As another example, if portions of a document have been marked by EdStart and EdEnd elements, ranges covering all such pairs could be found with the following code:

 xpointer(//EdStart/range-to(following::EdEnd[1])))

location-set start-point (location-set)

This function returns a point for each location in the input as specified by the following rules:

For an input point, the output element is the same point.
For an input range, the output element is the start point of the range.
For a root or element node input, the output is the point just before the first child of the input. That is, the output point has a container node of the input node and an index of zero.
For a text, comment, or processing instruction node, the output is the point just before the first character of the text content.
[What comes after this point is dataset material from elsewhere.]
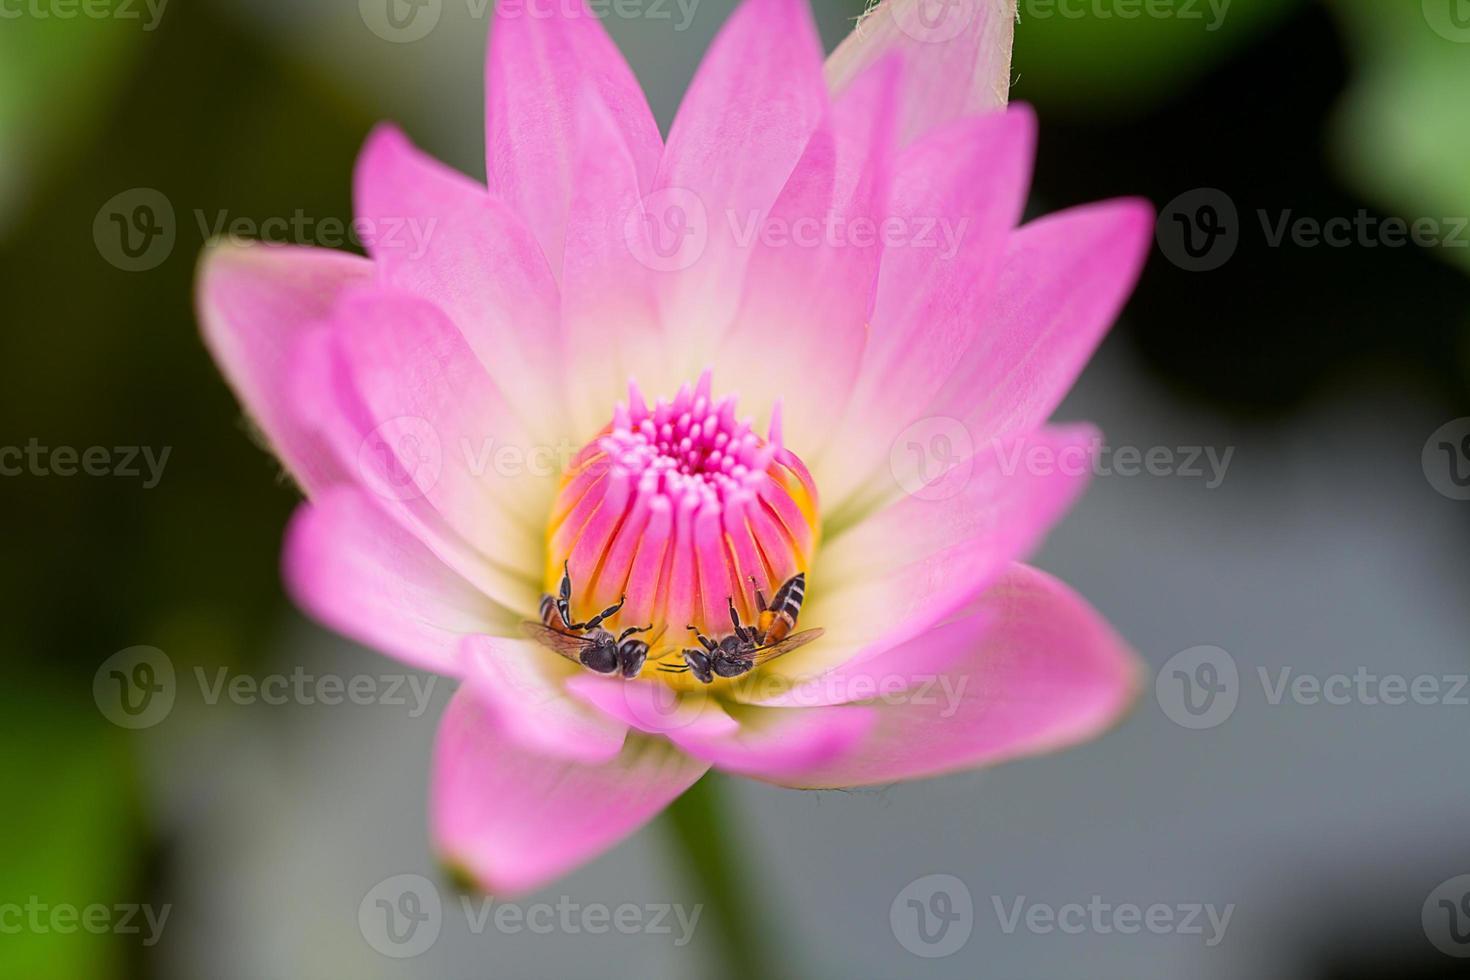 abelhinha em lótus rosa foto

That is, the output point has a container of the input node and an index of zero.
For an attribute or namespace node, the XPointer in which the function appears fails.

location-set string-range (location-set, string, number?, number?)

For each item in the input location-set, the function searches the string value of that item for the second parameter. For each nonoverlapping occurrence found, it adds a range to the output location-set. This range consists of two character-points encompassing the occurrence of the string if the optional numeric third and fourth parameters are absent.

If one numeric parameter is present, the function returns the position of the first character of the resulting range adjusted by that parameter relative to the beginning of the matched string. A single numeric parameter value of 1 indicates no adjustment.

If a second numeric parameter is present, it specifies the length of the resulting range in characters. The default, in the absence of a second numeric parameter, is that the resulting range extends to include the last matched character. If the numeric parameters are such that the resulting range would extend beyond either end of the string value, the XPointer part in which the function appears fails.